In una campagna per la prevenzione degli incidenti stradali il protagonista viene gambizzato da un’auto che sbanda. In quella contro la droga c’è un ragazzo che si estrae pezzetti di cervello, li “taglia” con una carta di credito e se li sniffa con nonchalance. Il solito Toscani mostra Isabella senza veli per promuovere un brand e con la scusa combattere l’anoressia (o per promuovere un brand con la scusa di combattere l’anoressia, fate voi). Insomma, da qualche tempo è un vero e proprio fiorire di pubblicità shock, come ben testimonia anche Trendelemburg, blog nato nel nostro laboratorio ma che ormai cammina tranquillamente con le sue gambe.

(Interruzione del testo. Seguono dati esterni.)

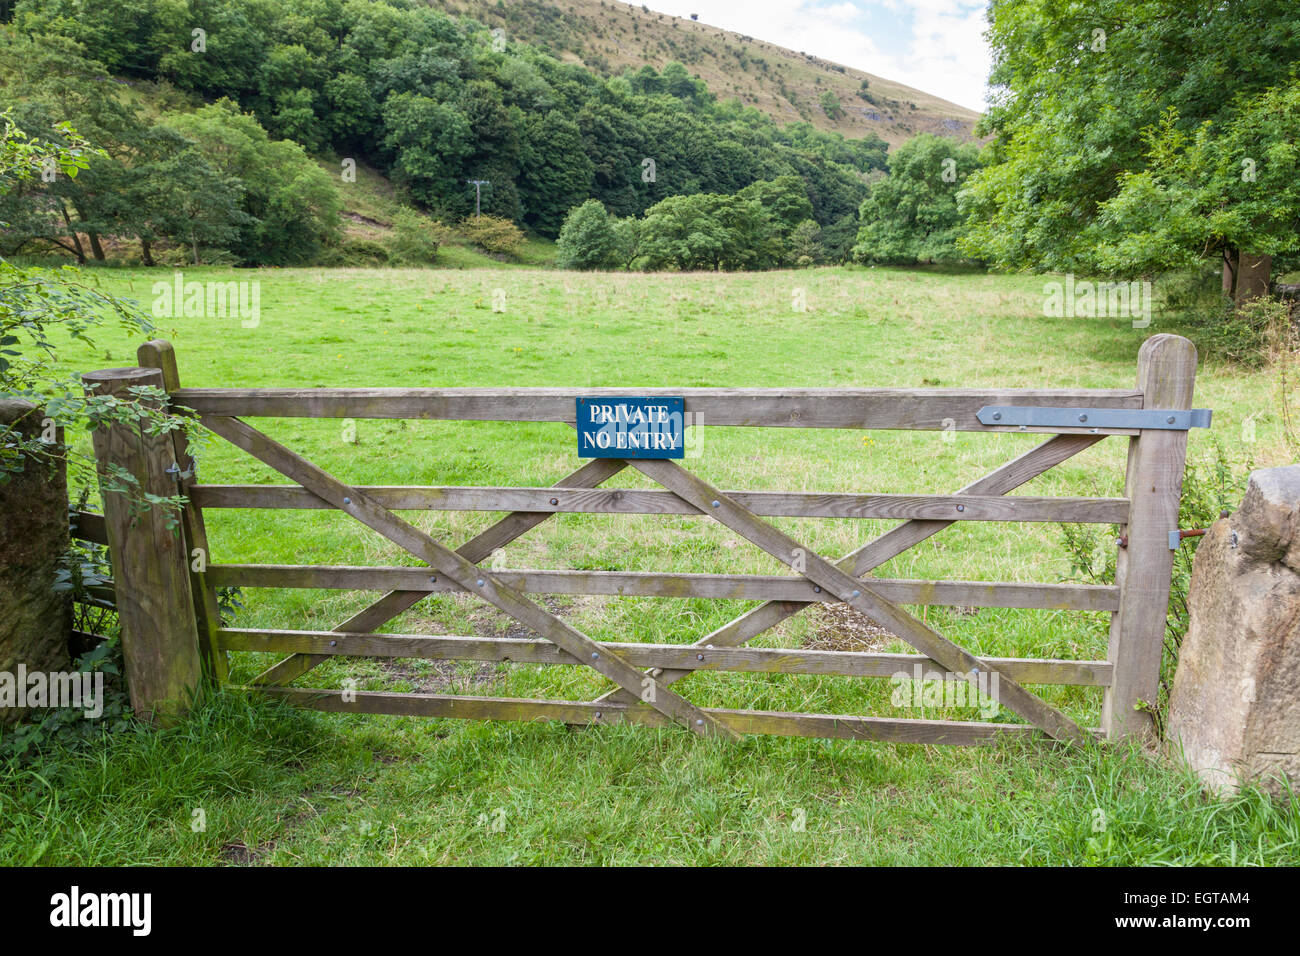 Farm gate with a Private No Entry sign prohibiting access to the land, Derbyshire, Peak District National Park, England, UK Stock Photo
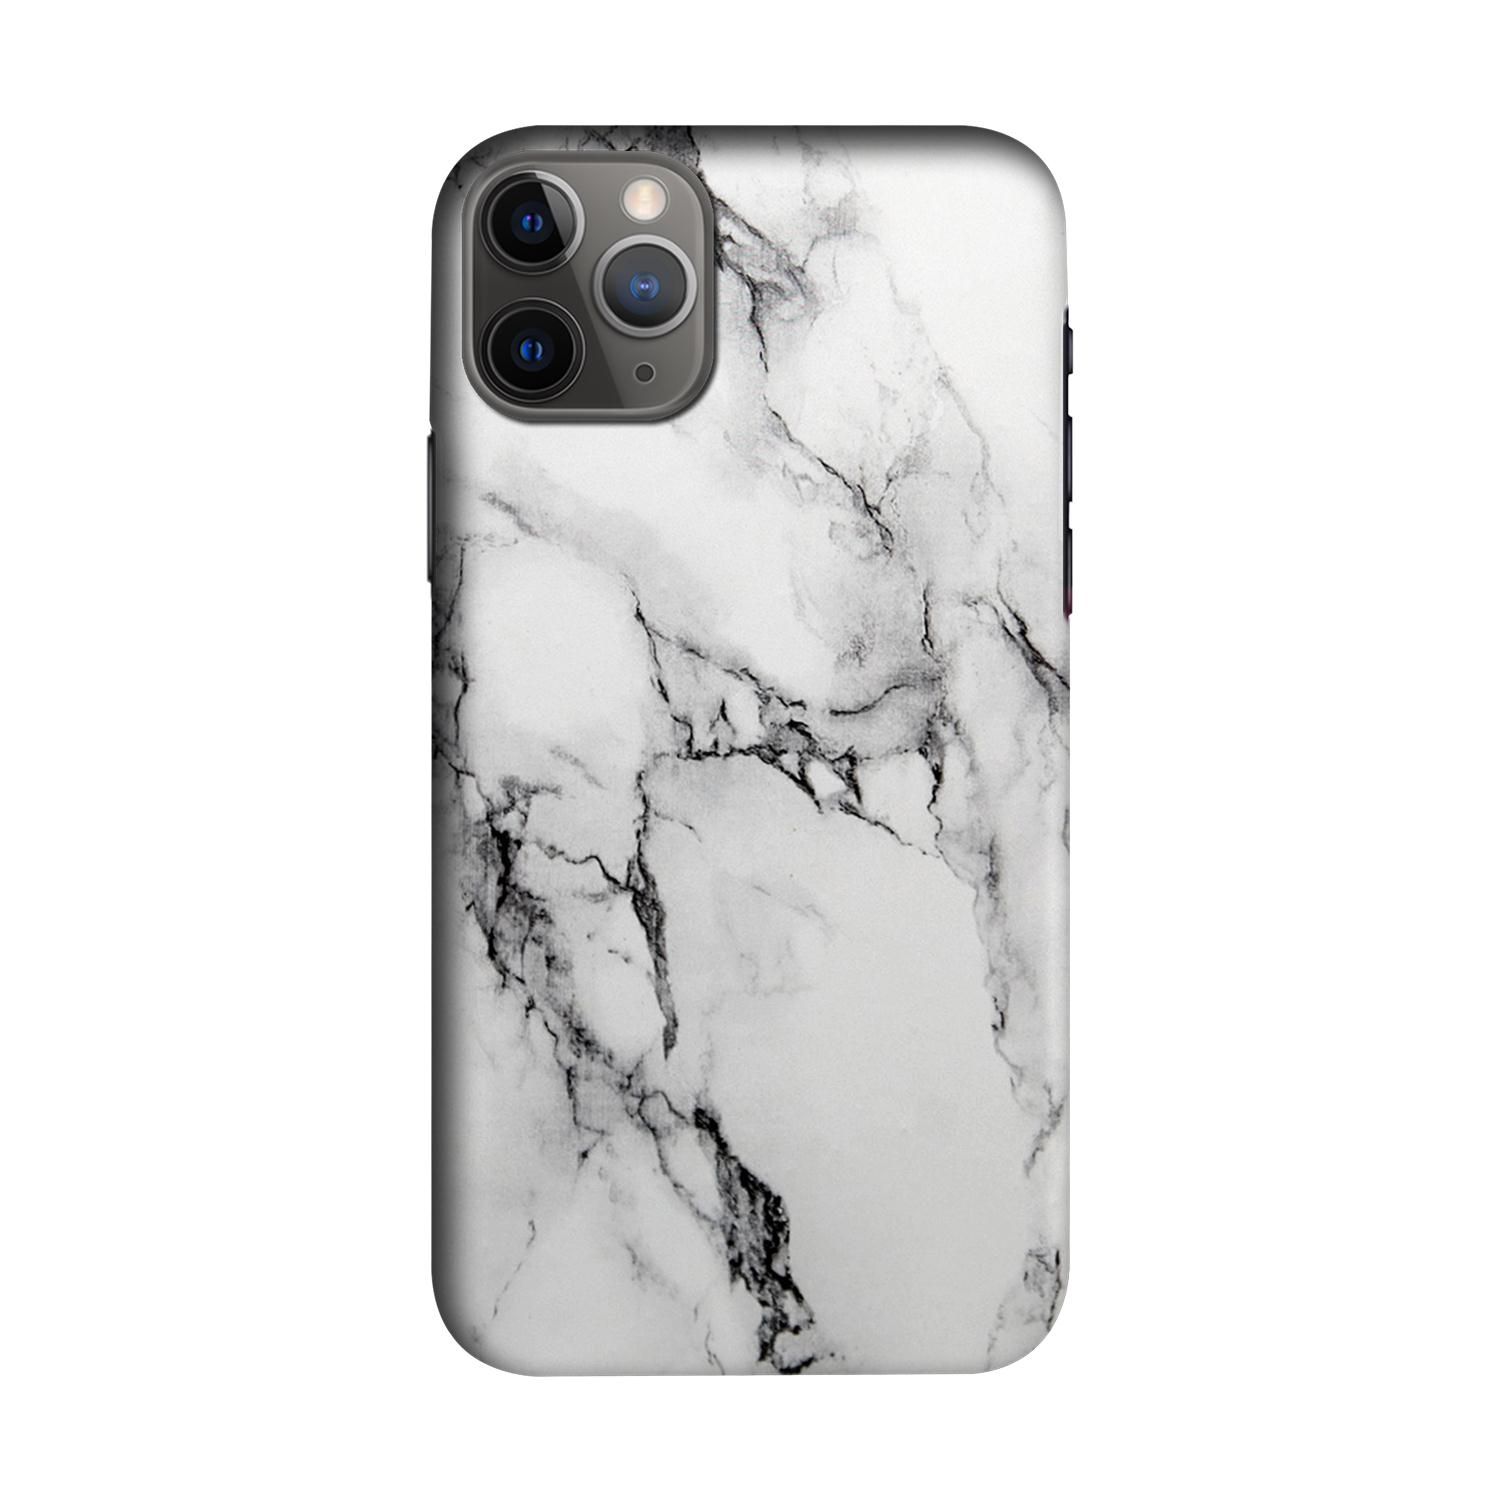 Buy Marble White Luna - Sleek Phone Case for iPhone 11 Pro Max Online

Nel grande overflow informativo che ci circonda, è evidente, un messaggio forte ha più facilità a “passare” ed essere percepito dai destinatari. Sangue, budella al vento, violenze sessuali, squartamenti da far impallidire i gestori di Rotten.com sembrano diventati strumenti di comunicazione ordinari per i pubblicitari, ai quali ricorrere per attirare l’attenzione come sino a qualche anno fa si faceva mostrando donne nude anche per promovere il dentifricio (poi, cosa c’entri un culo con un dentifricio è un vero mistero).

E il risultato, temo, sarà lo stesso. Assuefazione. Così come oggi non fanno più scalpore un paio di tette in prima serata, domani potrebbe non essere più così sconvolgente assistere ad uno squartamento in prime-time per promuovere una crema per le emorroidi. Le intenzioni – per ora – saranno anche nobili (droga, incidenti, anoressia…) e gli obiettivi (spesso) altamente condivisibili, ma comincio a sospettare che la strada dello shock stia pian piano diventando una vera e propria scorciatoia.

Una scorciatoia a volte gratuita, che rischia di far si che il limite dell’orrido, ossia quel confine tra ciò che si può far vedere e ciò che non dovrebbe esser visto, si sposti sempre di più. Non si tratta di censura, nè tantomeno soltanto di buongusto (che dimostriamo di avere peloso e falso-perbenista, quando censuriamo Rocco Siffredi che parla di patate).

Si tratta di dinamiche sociali per le quali se oggi diventa normale vedere in TV scene particolarmente crude e che anni fa ci avrebbero senz’altro turbato, allora domani tali scene potrebbero non sconvolgerci (o non sconvolgere i nostri figli) quando le vedremo uscire dalla TV, e finire nelle strade. Se vedo una violenza sei volte al giorno mentre guardo la televisione, questa potrebbe non sconvolgermi più di tanto, quando dovessi vederla dal vivo. Ed è solo la punta di un iceberg che sottende miriadi di corto-circuiti mediatici tra la realtà, la finzione e la nostra capacità di distinguerle.

Uno shock oggi, uno shock domani, inevitabilmente saremo assuefatti anche agli shock. E dopo?